Venendo poi al terzo capitolo del testo, relativo alla seconda
parte del Padre nostro, ci faremo interrogare dalla questione del
peccato preso nella sua connotazione di «debito» e ci chiederemo
quale sia l’aspetto più problematico di questa visione, nel sospetto
che abbia a che fare non tanto con una colpa verso Dio quanto con
i vincoli dannosi che produce tra gli uomini. Rifletteremo anche
attorno al concetto della conversione per vederne le implicazioni
non tanto con le «buone intenzioni» (pentimento, propositi) quanto con le «buone azioni» (cambio di vita e riparazione). E ancora:
siamo convinti che sia conveniente alimentare il senso di colpa
rispetto ai nostri peccati-debiti e non piuttosto, come ci segnala la
psicoanalisi, sia più utile spostarci dal campo della colpa a quello
del danno, distinguendo tra innocenza e innocuità? Per finire, ci
porremo delle domande sull’antichissima, e sempre attuale, questione del male e delle forme possibili con le quali pensiamo di
fronteggiarlo in noi e negli altri.
Come si vede, procederemo tentando non di «comprendere»

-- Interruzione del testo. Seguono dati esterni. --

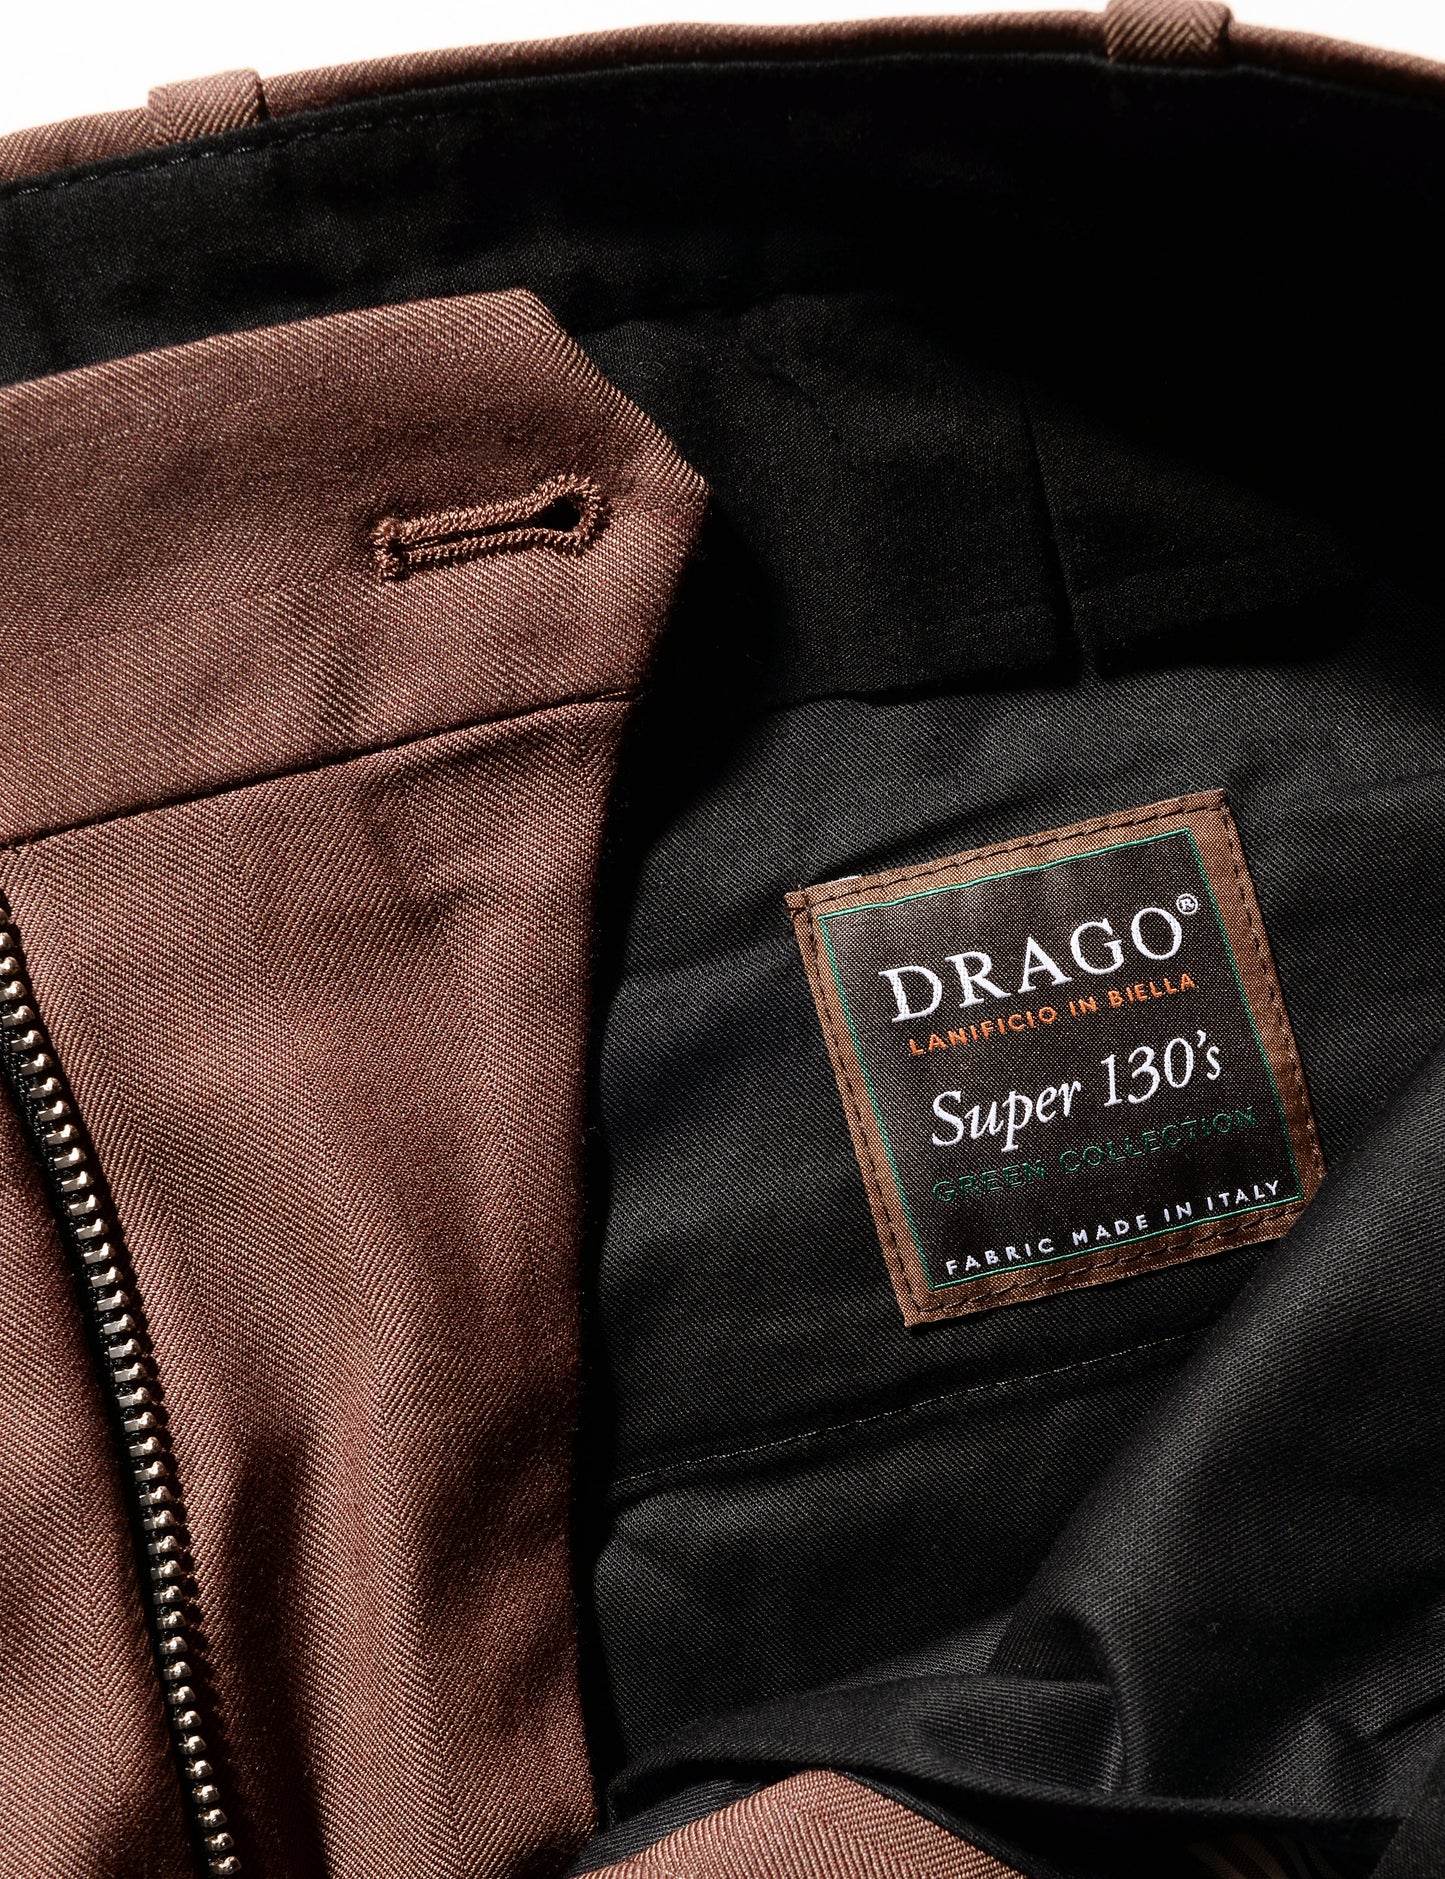 Detail of BKT50 Tailored Trousers in Wool Herringbone - Sepia showing interior Drago label

(chi mai potrà dire di avere capito veramente la natura di questi
problemi?), ma di «fare posto» a un lavoro del pensiero alimentato
da una passione per la ricerca di frammenti di verità, da utilizzare
per nutrire una rete di scambi piuttosto di usarli come armi da
scagliare contro quelli che non la pensano come noi e non hanno
il nostro stesso credo, religioso o laico che sia.